* _Try it_:
Retyped exactly and without pictures, the lines from the one with "Res: 3185x1853, Shipwreck" through the end of the listing must form the entire answer.

Start of Raw data

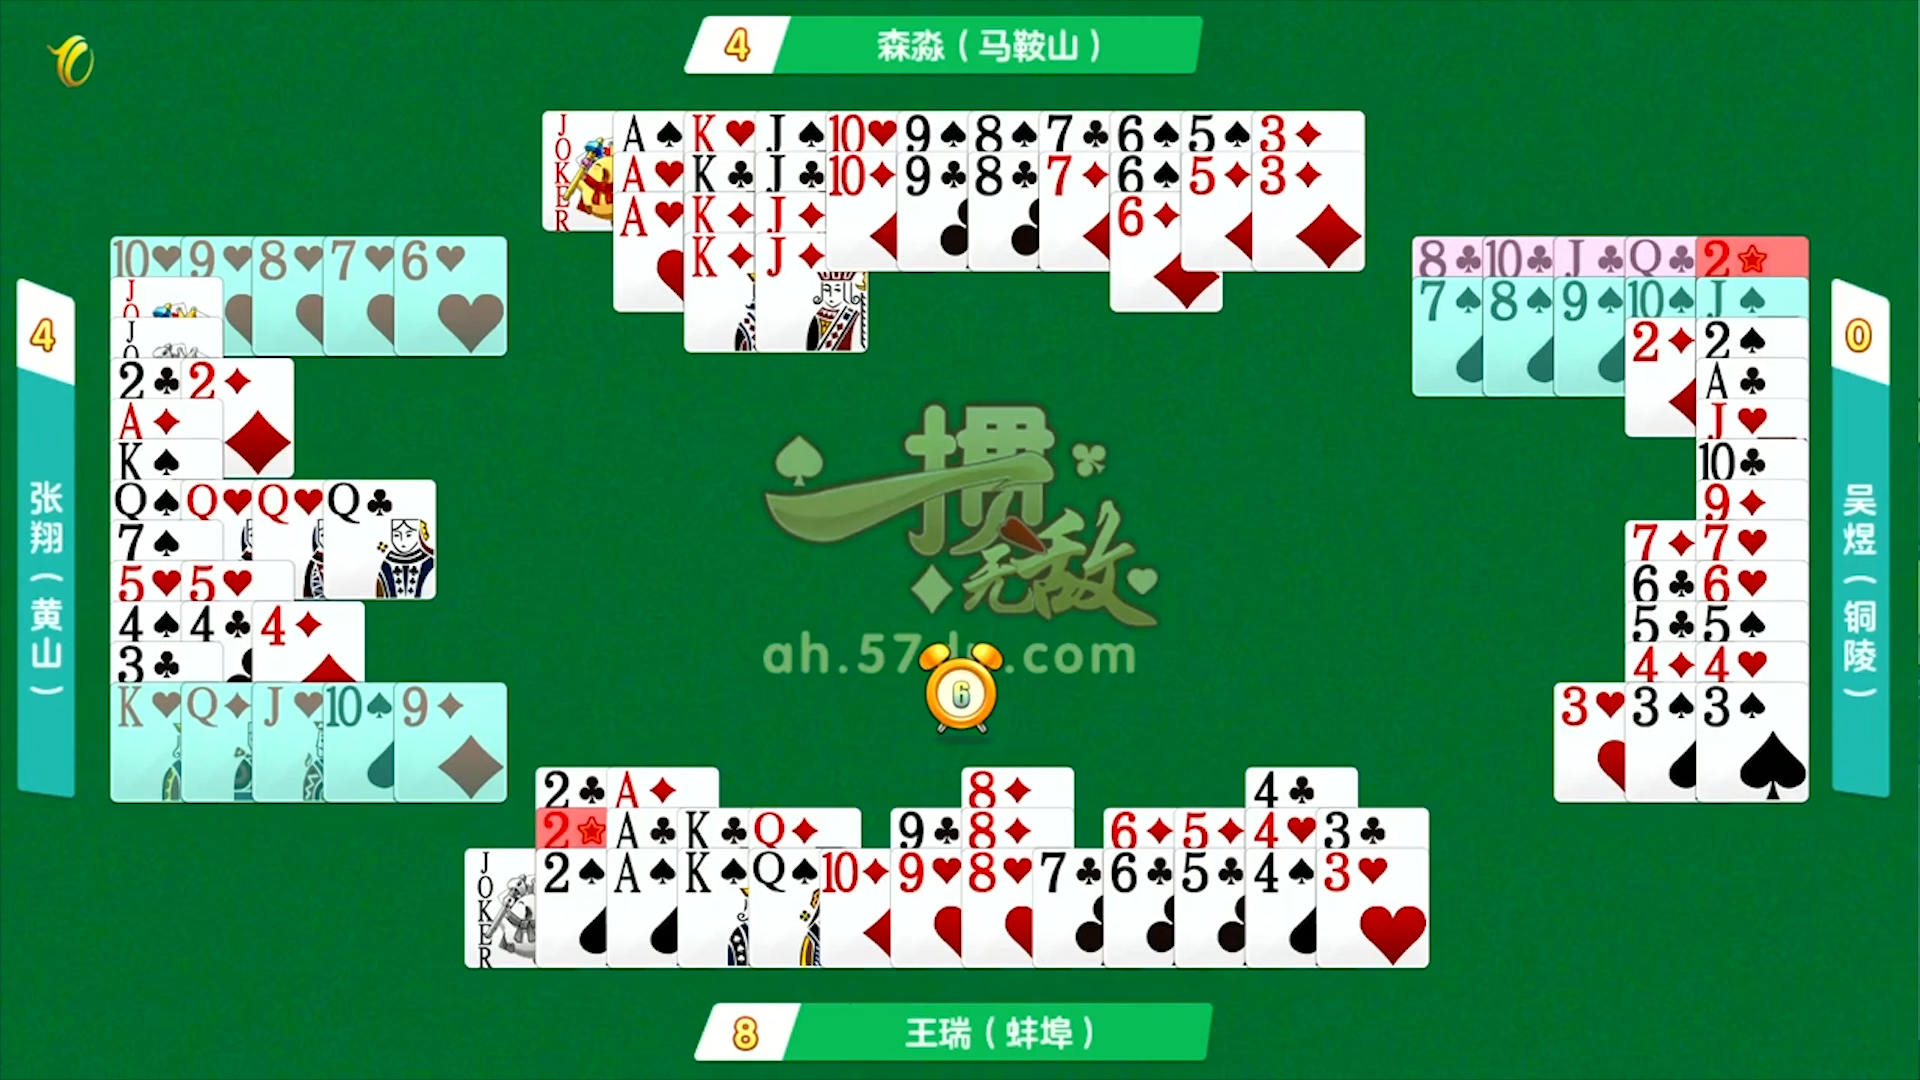 「一掼无敌」第2期第三局赛点复盘——你了解自己的手牌吗?
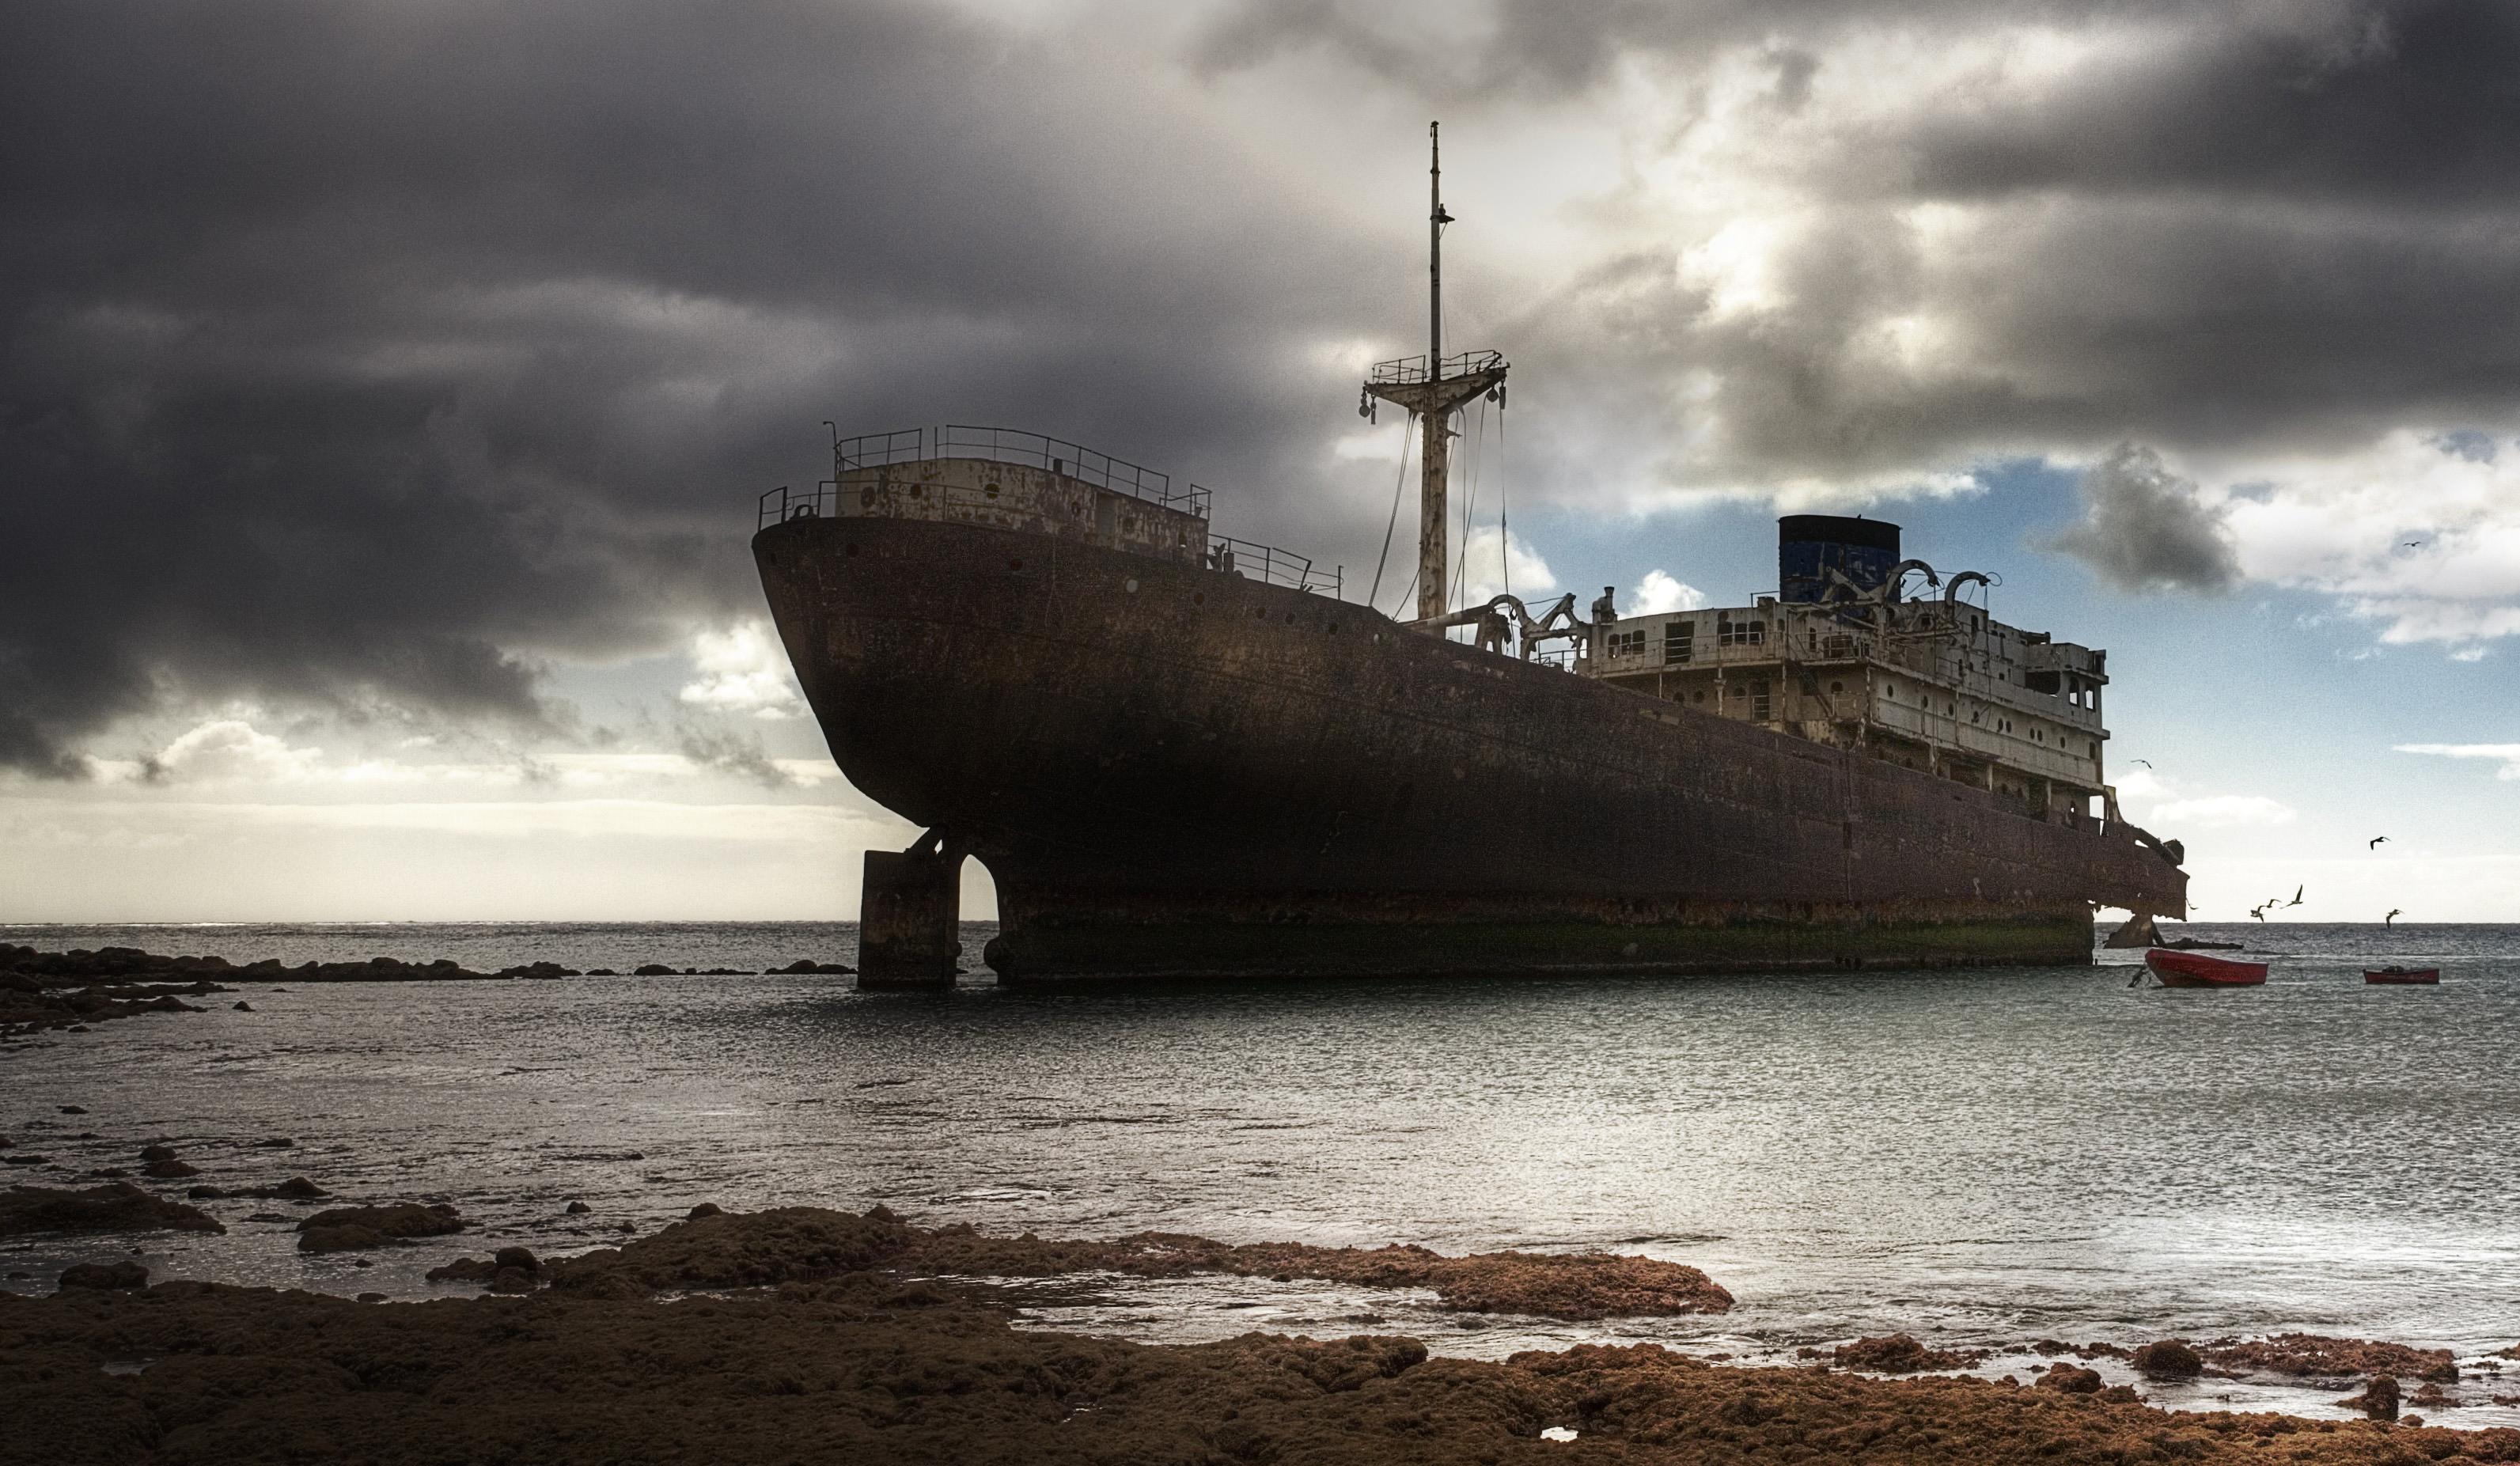 Res: 3185x1853, Shipwreck
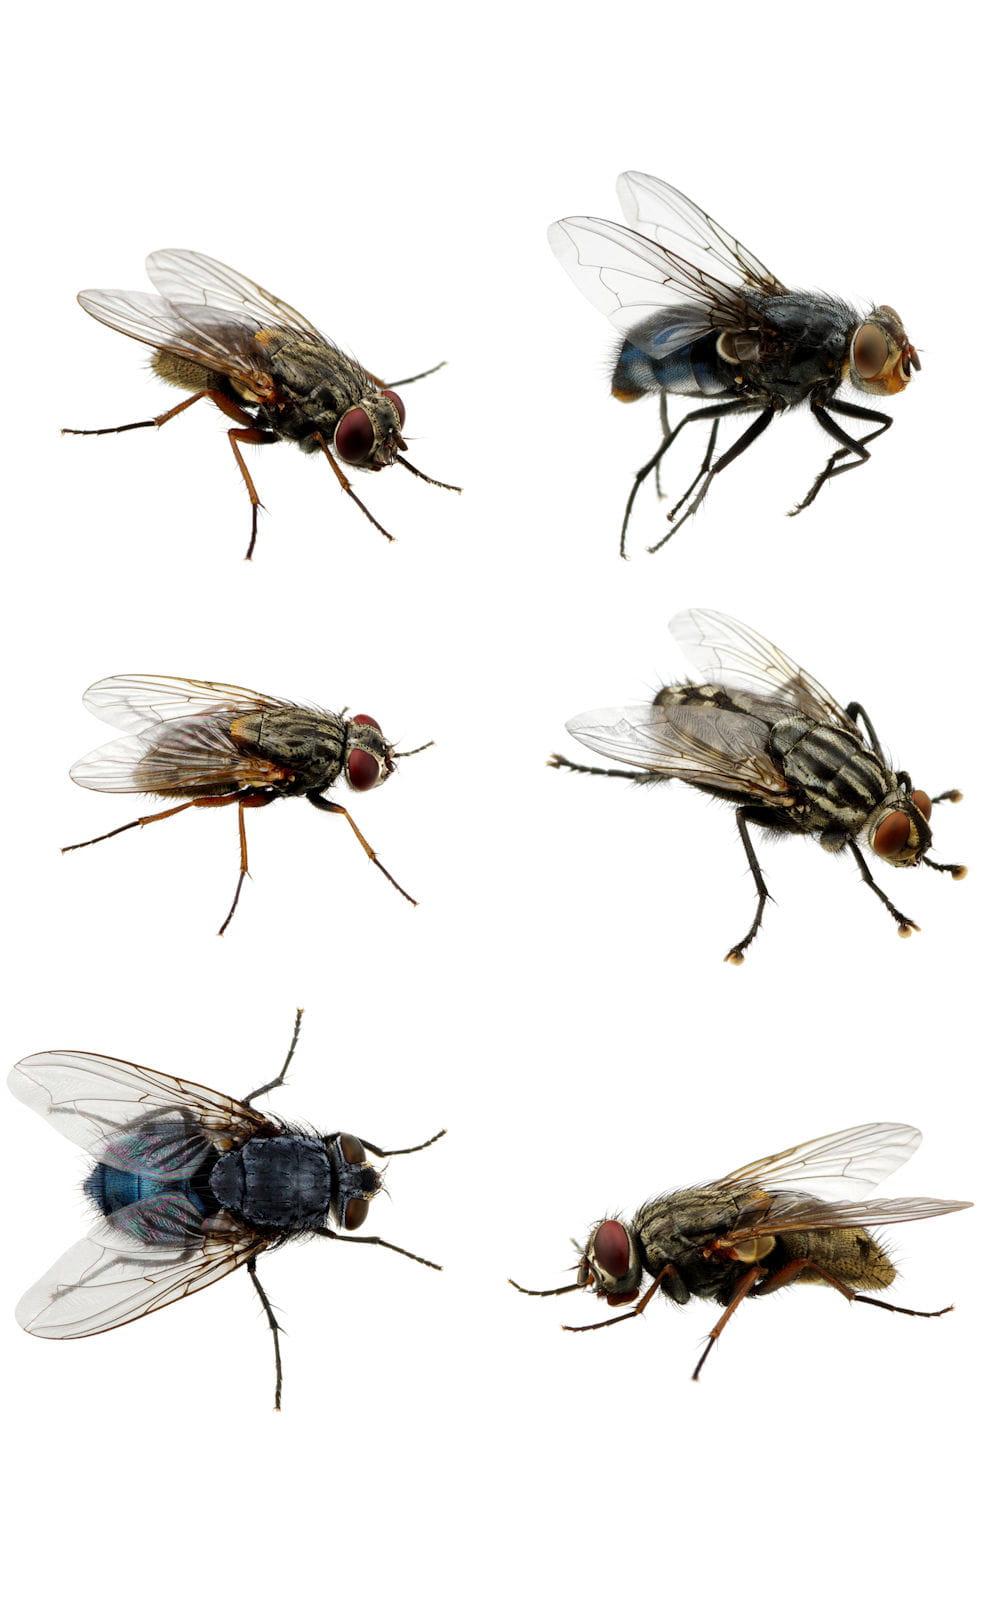 Eloignez les mouches et moucherons

End of Raw data

* _Finished exercise_:
 Res: 3185x1853, Shipwreck
 Eloignez les mouches et moucherons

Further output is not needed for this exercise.